HashSet uses HashMap internally to store Objects. When we create a HashSet Object, one HashMap gets created internally as a backing data structure for your HashSet. This HashMap object is used to store the elements we enter in the HashSet. The elements we add into HashSet are stored as keys of this HashMap object. The value associated with those keys will be a constant. Let's look at the code of HashSet to check what happens when we instantiate HashSet class.

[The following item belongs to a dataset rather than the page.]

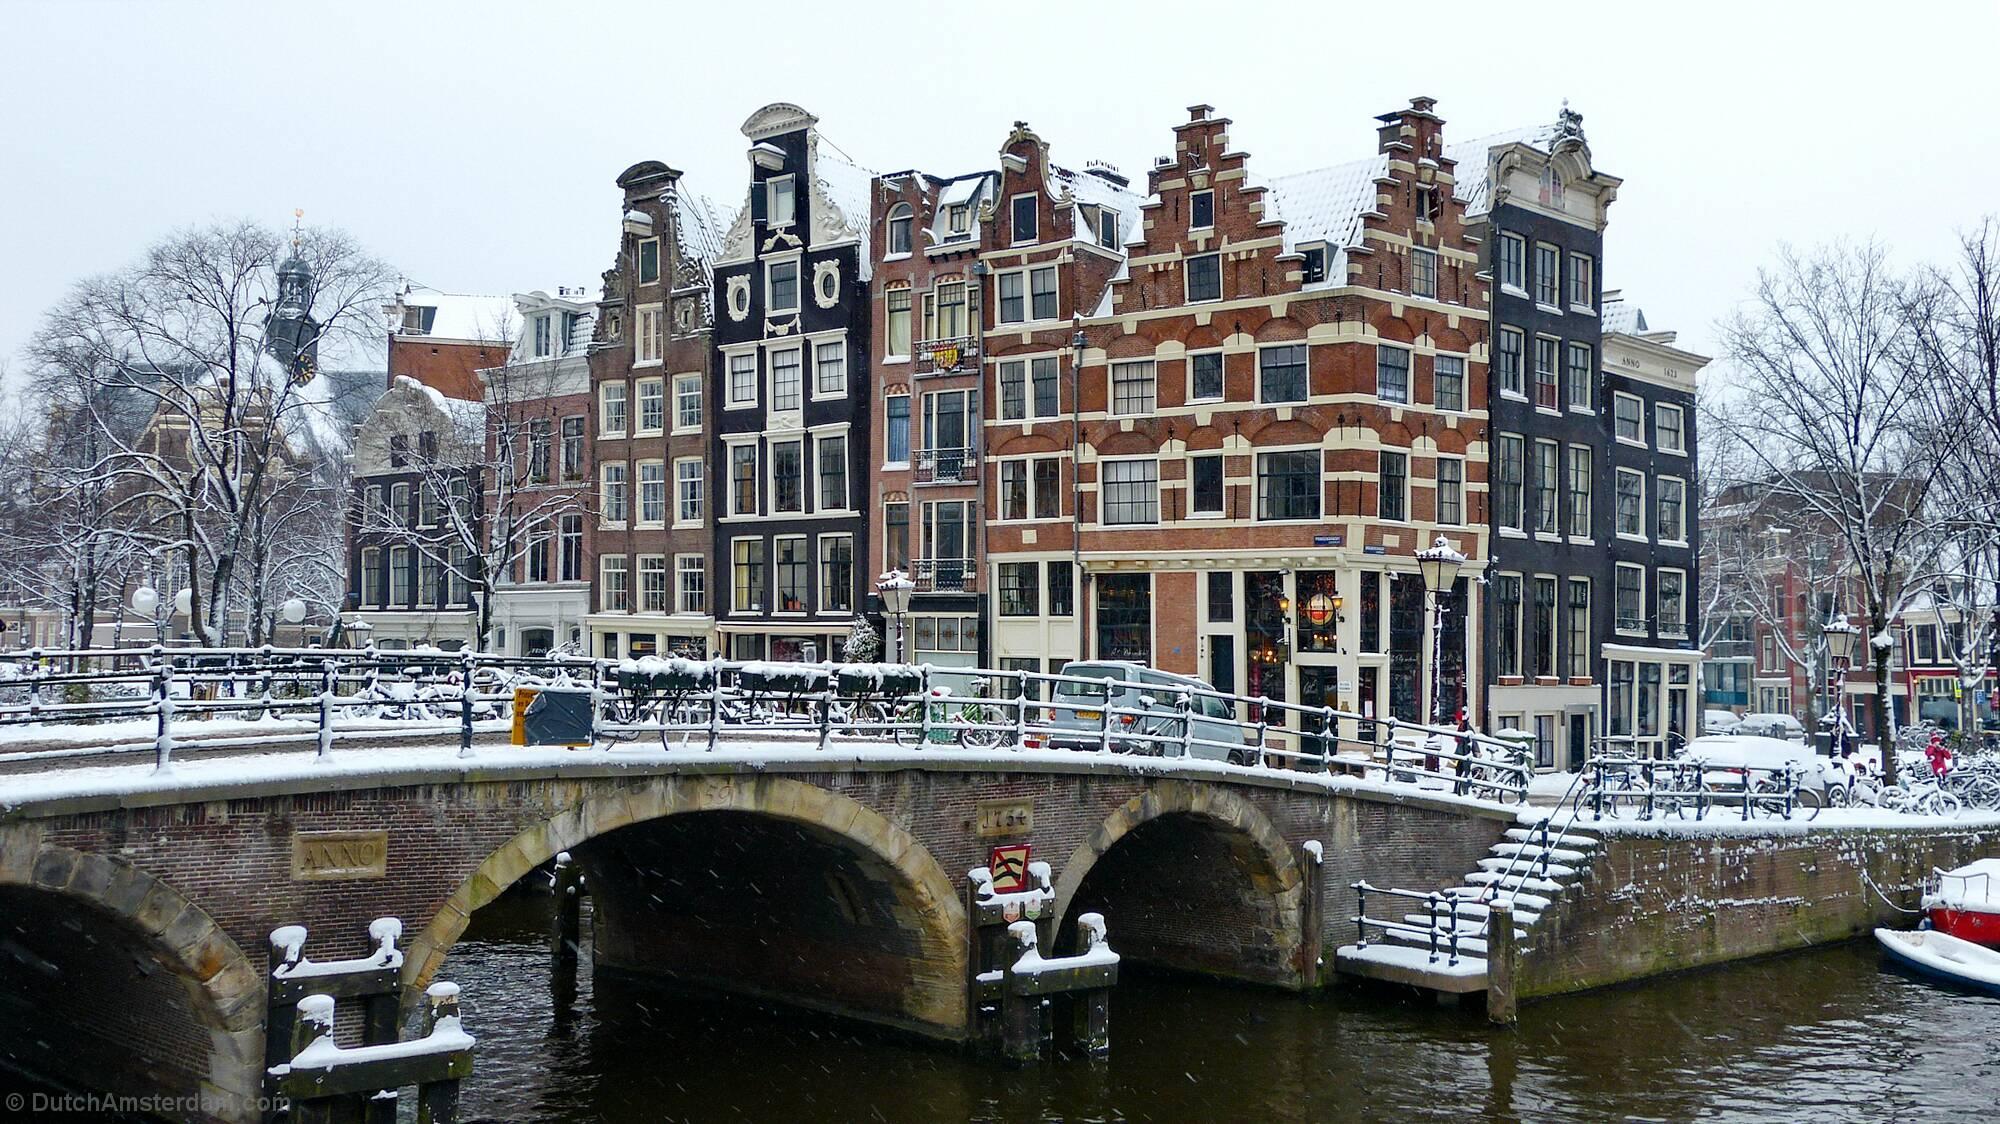 Corner Brouwersgracht, Prinsengracht in Amsterdam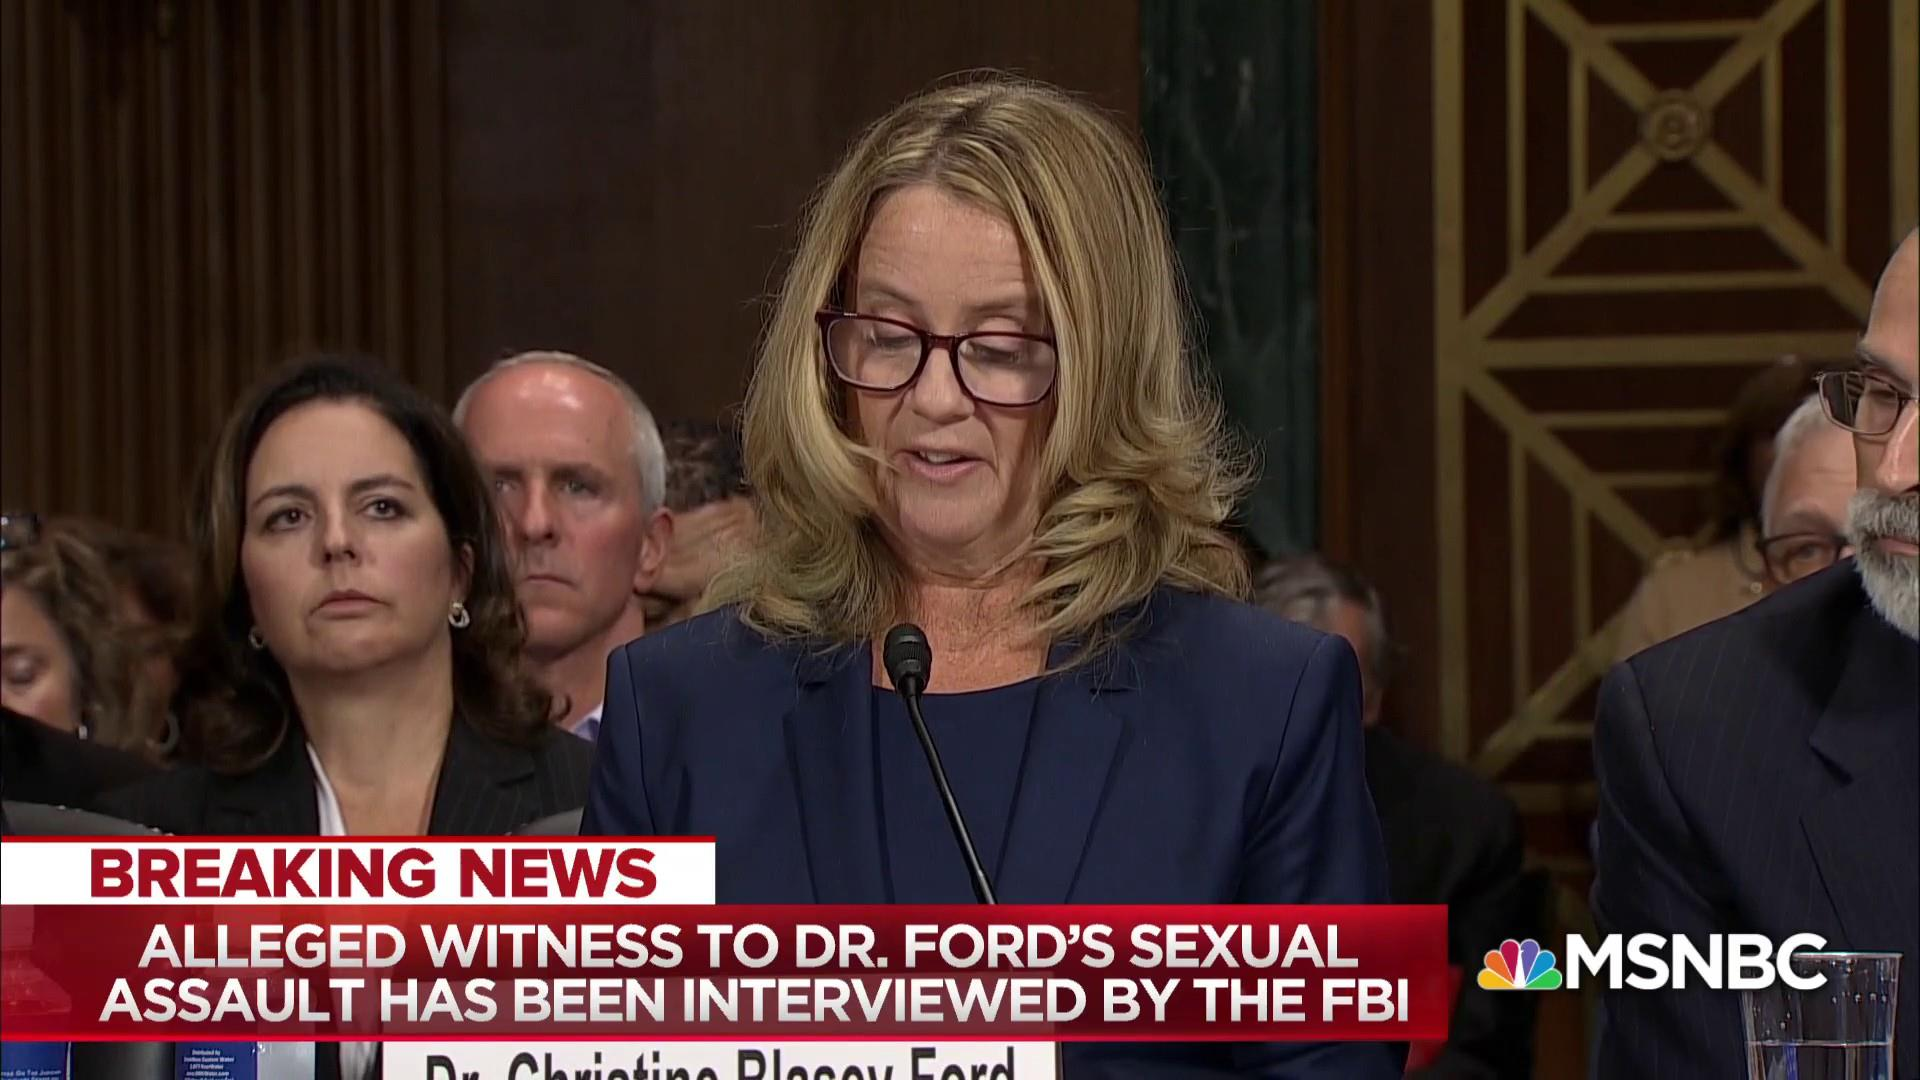 Key witness in Kavanaugh allegation interviewed by FBI

private transient HashMap map;

// Dummy value to associate with an Object in the backing Map
private static final Object PRESENT = new Object();

/**
* Constructs a new, empty set; the backing HashMap instance has
* default initial capacity (16) and load factor (0.75).
*/
public HashSet() {
map = new HashMap<>();
}

So if we create a HashSet by the following code snippet :

Set set = new HashSet<>();

An HashMap Object will be created internally where the key are the values of the HashSet and the value is a dummy Object named PRESENT. The following diagram will present how set are represented by a backing HashMap :

Now let us check other constructors available in HashSet class.

1. Constructs a new, empty set; backed by a HashMap instance.Here the HashMap instance is created with a specified initial capacity and of default load factor (0.75).

/**
 * @param      initialCapacity   the initial capacity of the hash table
 * @throws     IllegalArgumentException if the initial capacity is less
 *             than zero
 */
public HashSet(int initialCapacity) {
    map = new HashMap<>(initialCapacity);
}

2. Constructs a new set with the elements in the specified collection passed as an argument in the constructor.  The HashMap is created with default load factor (0.75) and an initial capacity sufficient to contain the elements in the specified collection.

/**
 * @param c the collection whose elements are to be placed into this set
 * @throws NullPointerException if the specified collection is null
 */
public HashSet(Collection  c) {
    map = new HashMap<>(Math.max((int) (c.size()/.75f) + 1, 16));
    addAll(c);
}

3.  Constructs a new, empty set; backed by a HashMap instance which has the specified initial capacity and the specified load factor.

/**
 * @param      initialCapacity   the initial capacity of the hash map
 * @param      loadFactor        the load factor of the hash map
 * @throws     IllegalArgumentException if the initial capacity is less
 *             than zero, or if the load factor is nonpositive
 */
public HashSet(int initialCapacity, float loadFactor) {
    map = new HashMap<>(initialCapacity, loadFactor);
}

How add() works in HashSet ?

As we already discussed that HashSet is backed by an internal HashMap so a call to add(Object) is delegate to put(Key, Value) internally, where Key is the Object we are trying to add in the HashSet and value is another object,  called PRESENT, which is a constant in java.util.HashSet as shown below :

// Dummy value to associate with an Object in the backing Map
private static final Object PRESENT = new Object();

As HashMap does not allow duplicate Keys, HashSet achieves its uniqueness behavior because of this. Now if we check HashMap class's put method's implementation, It says the following   

  1. If the key to be added is Unique then the Entry with the key is added to map and returns null.
  2. If Key to be added is not unique and already exist,put method simply replaces old value with the new value and returns old value against key.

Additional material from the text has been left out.